CRITICAL APPROACH/ANALYSIS:
In Waiting for Godot, narrative is repeatedly thwarted. Molloy (the character) functions similarly as the play, in that he is a person who is unable to narrate according to acceptable models for living. Moran, who begins as a methodical, principled man, eventually becomes more and more like Molloy, signaling the inevitability of this kind of system-breakdown. Molloy is "passionate about truth," he says, so it seems that the doing away with all of the models or systems by which lives are lived is a way of getting at what is real at bottom. Of his journey, Molloy also asserts: "Yes, my progress reduced me to stopping more and more often, it was the only way to progress, to stop." Progress in the realm of true existence outside of narrative teleology (and any and all signs and systems of life representation) requires one to stop the kinds of progress driven by narrative teleology.

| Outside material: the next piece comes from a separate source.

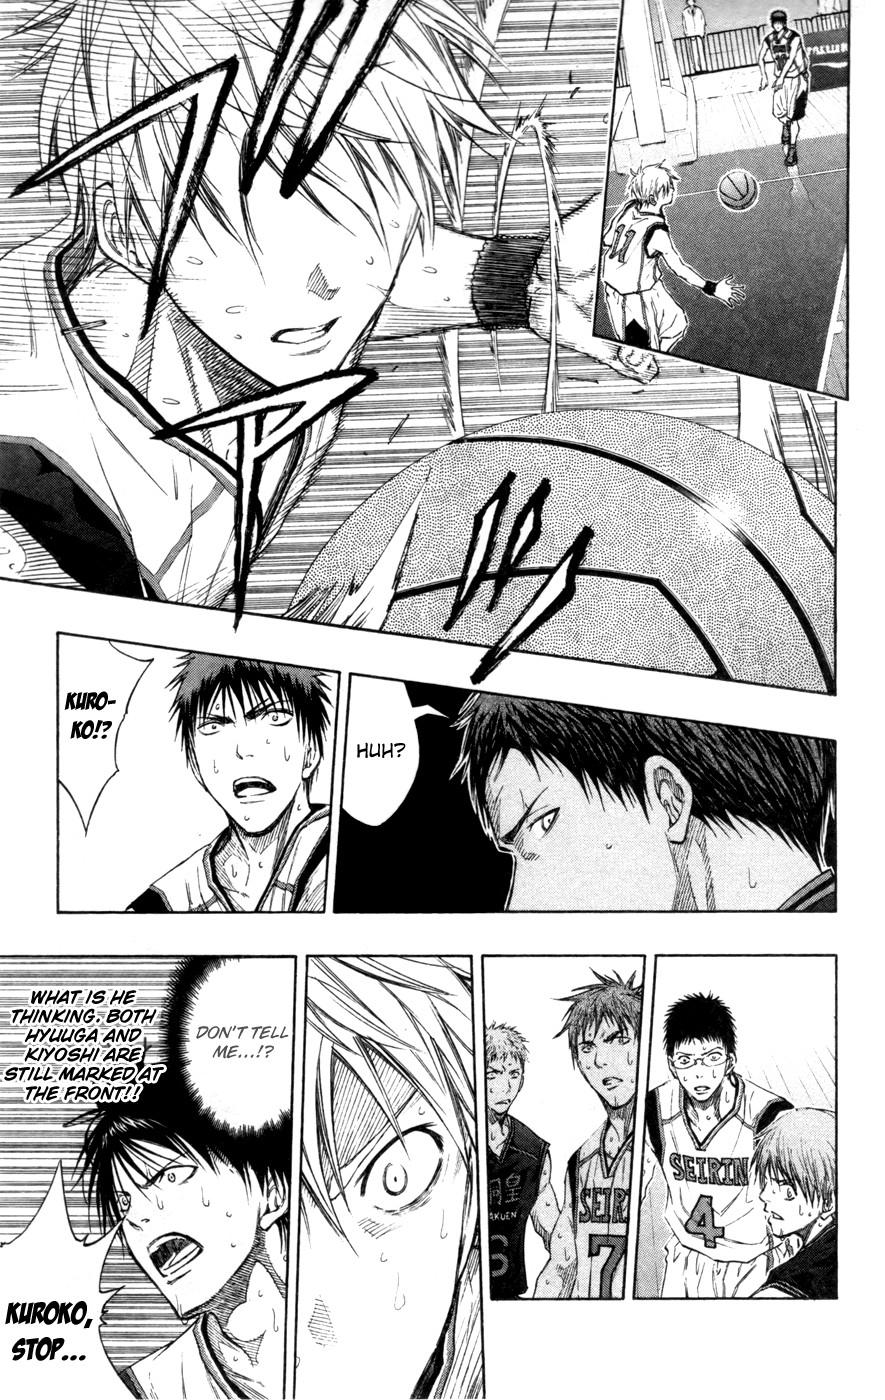 Kuroko no Basket Manga Chapter 120 - Image 5

Yet, there is a way, just as in "Godot," in which there seem to be moments of narrative potentiality. In Molloy, these moments (the sucking stones episode, Moran's theological principles) are shown to be shams, however. There isn't anything approaching purpose in any narrative sense in Molloy's logic while figuring out his "inelegant solution" to the sucking stones problem; we feel that there's no point to the logic beyond Molloy's own elation over performing this logic. For Moran, the organization of his theological principles at the end of the book seems more pathological, and while Molloy's sucking stones logic actually does make sense mathematically, Moran's words do not make sense (perhaps because mathematical systems are different from the kinds of systems whereby we organize life narrratives--they seem outside of the human, in some other realm of the real). Thus, it seems that Beckett doesn't reject all systems altogether: mathematical systems that seem to have some deeper connection to ontological reality    (than sign and referent) are okay.

It might seem that Molloy's mode of living, and finally Moran's disintegration into the same state, seems formal in the artistic sense, especially in the context of modernist artists focusing at the level of form to escape narratives of meaning and significance that tend to pour into art objects. But Molloy rejects this too: "I saw it in a way inordinately formal, though I was far from being an aesthete, or an artist." He admits to the "formal" focus he has (when he thwarts the policeman's report, he says that he does focus on "points of detail" but not systems, almost like how a painter might focus on the colors and shapes but not what the picture as a whole might signify) but also goes a step further than the artist, in a way, to escape artistic purpose as well. In other words, Molloy also discards the purpose of focusing on form in order to escape meanings because that is a significant purpose in itself.

Thus, finally, to try to ascribe historical contexts to Beckett seems almost sacrilegious but here goes anyways: after the traumatic experiences of WWII, people's faith in literature as a moral or ethical force severely declined (e.g., the Germans had Beethoven, and yet the Holocaust could happen). Beckett's new kind of literature conveys the notion that literature may be worthless and pointless but nevertheless we keep doing it. (SOURCE: Notes from a lecture, Prof. Michael North).